IT worker disputes state government security breach

30.03.2006
A New Hampshire state IT employee who was placed on paid leave last month after an alleged security breach involving a government server is disputing the state's explanation of the incident.

Douglas A. Oliver, 44, a Web middleware engineer who says he was placed on paid leave Feb. 17 in connection with the incident, said he is speaking out because the state's account is 'incredibly skewed in my estimation.'

In the incident last month, state officials in Concord announced that the FBI and the U.S. Department of Justice were part of an investigation into the discovery of the Cain & Abel program during a routine check of state servers. The server was used by the N.H. Division of Motor Vehicles and the state Veterans Home to transmit financial information. It was also used by the state's Liquor Commission as a backup for sales transactions. No incidents of fraudulent use of credit card numbers on the server have been reported.

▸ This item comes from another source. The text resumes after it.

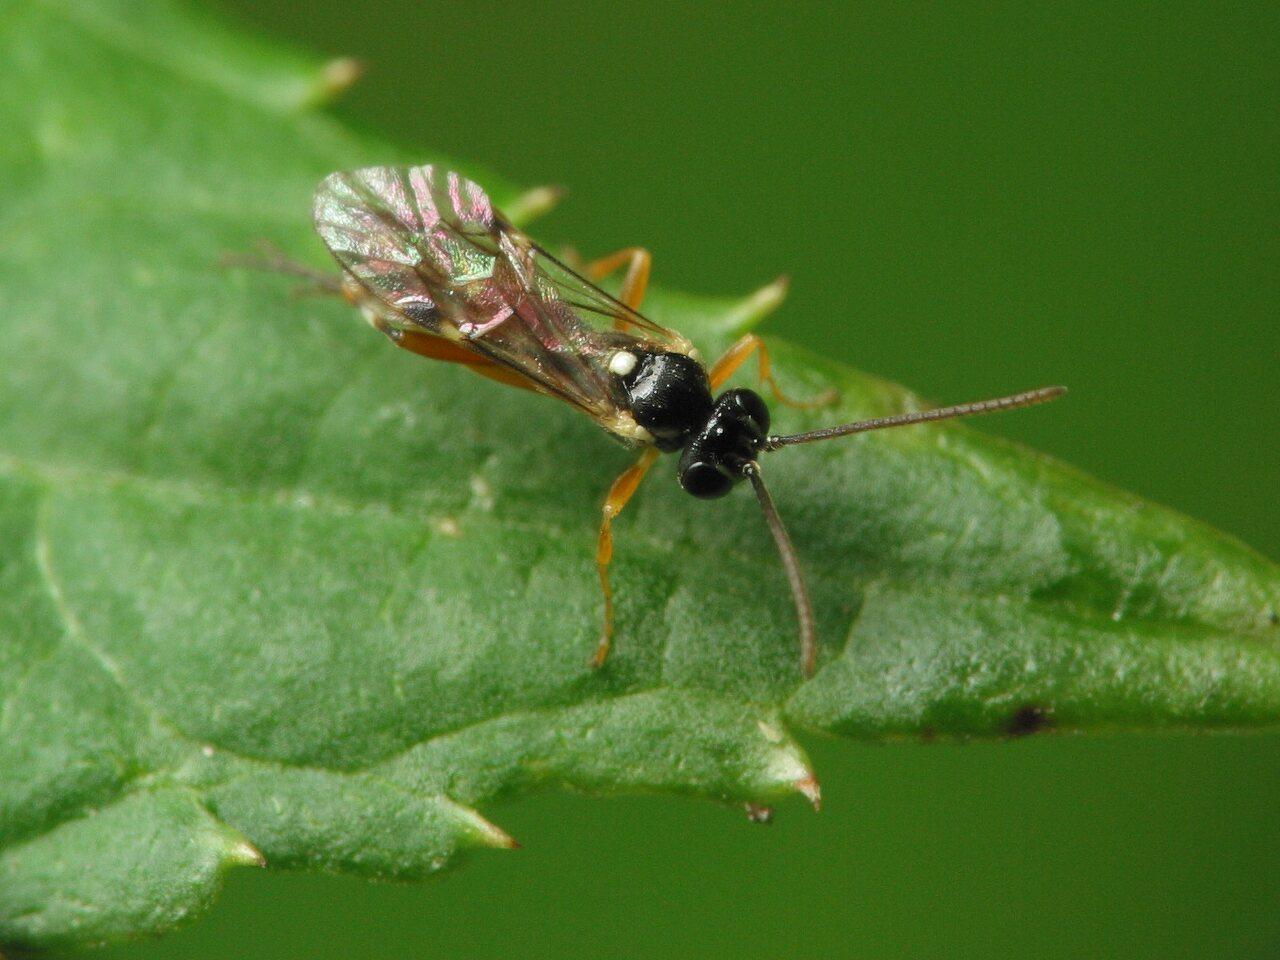 Hymenoptera-4164.jpg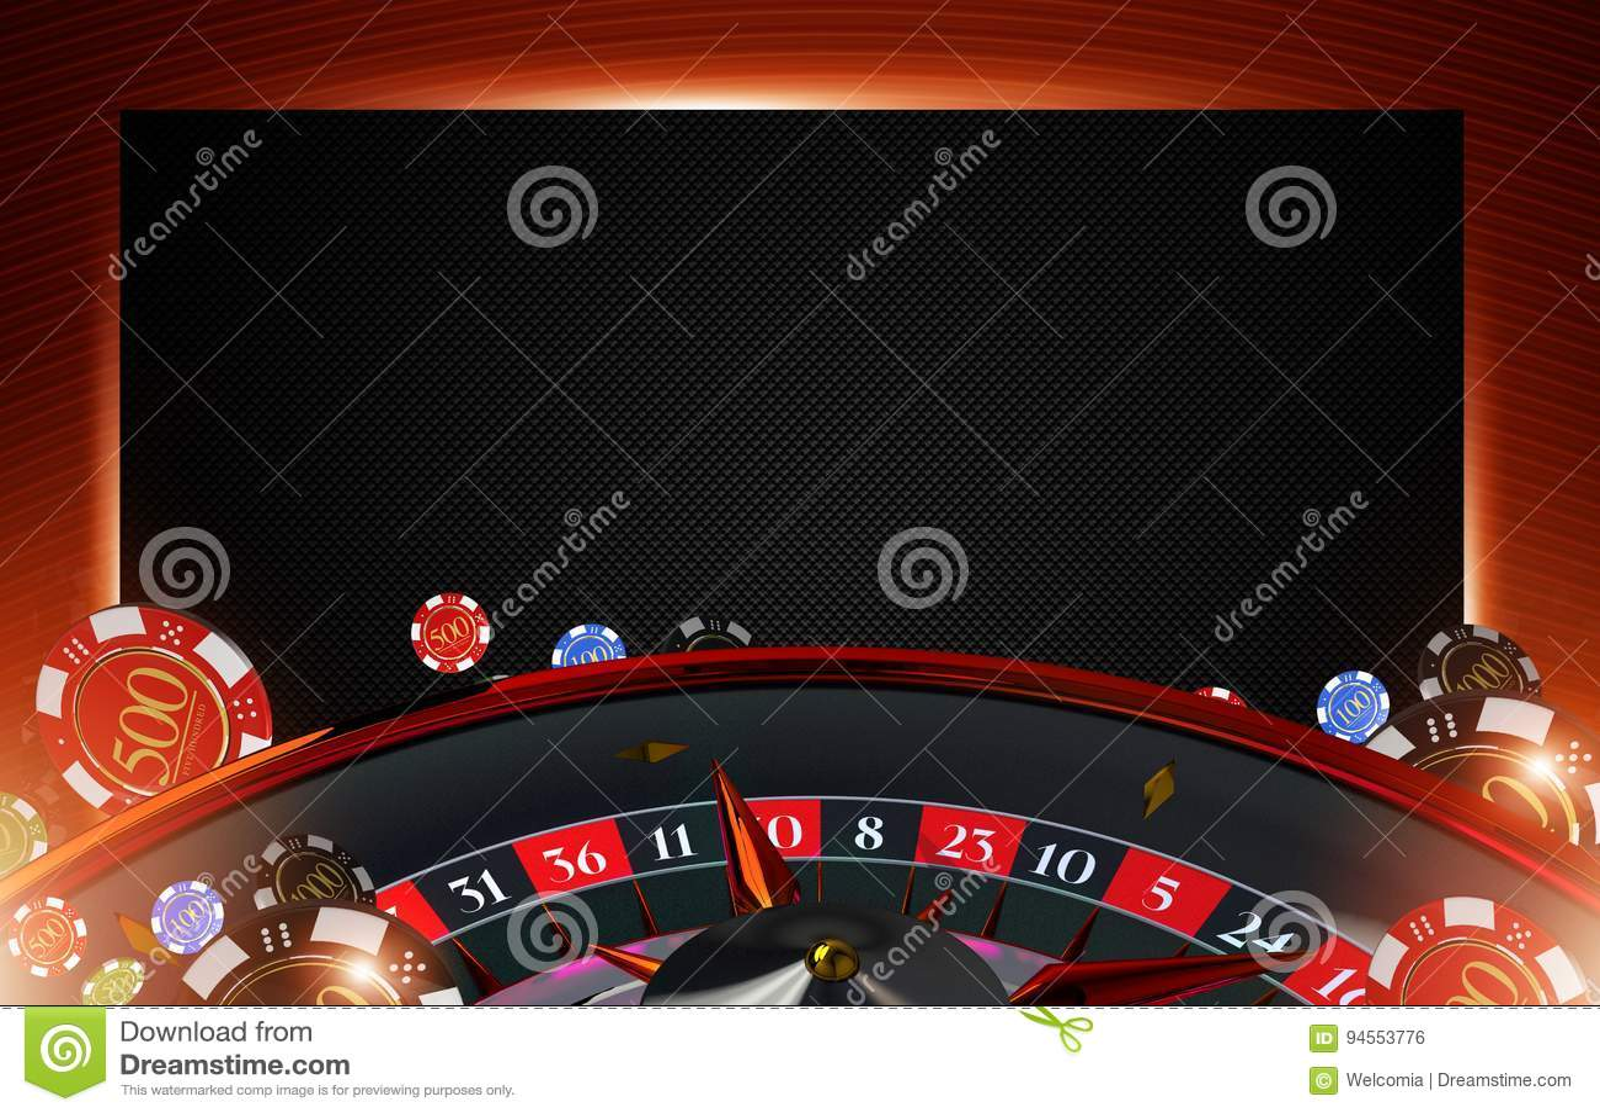 Casino copy g casino poker results

Oliver, who has worked in the N.H. Office of Information Technology (OIT) since 2002, said he participated as a member of an OIT security audit team since early last year, when a state government Web site was hit by hackers who defaced several pages with 'graffiti' messages. In response, the OIT began conducting penetration-vulnerability and threat-assessment testing to look at the state's overall IT security, Oliver said.

To conduct the threat assessments, Oliver said he and other IT employees installed and used a collection of software tools, including a copy of Cain & Abel -- a password-recovery program for Microsoft Corp. products that can also be used as malware by hackers to capture and crack passwords -- so that the state's IT security could be accurately tested against real-world intrusions.

The Cain & Abel program was placed on the server using Oliver's security credentials, he said. 'The reasons it was there was totally authorized and legitimate,' he said. Using the application, testing showed that there were several security problems in the system, including Domain Name System cache poisoning, the presence of plain-text, domain-level administrative passwords in files that were viewable by anonymous users and faulty operational practices -- including the presence of local accounts of people no longer employed by the state.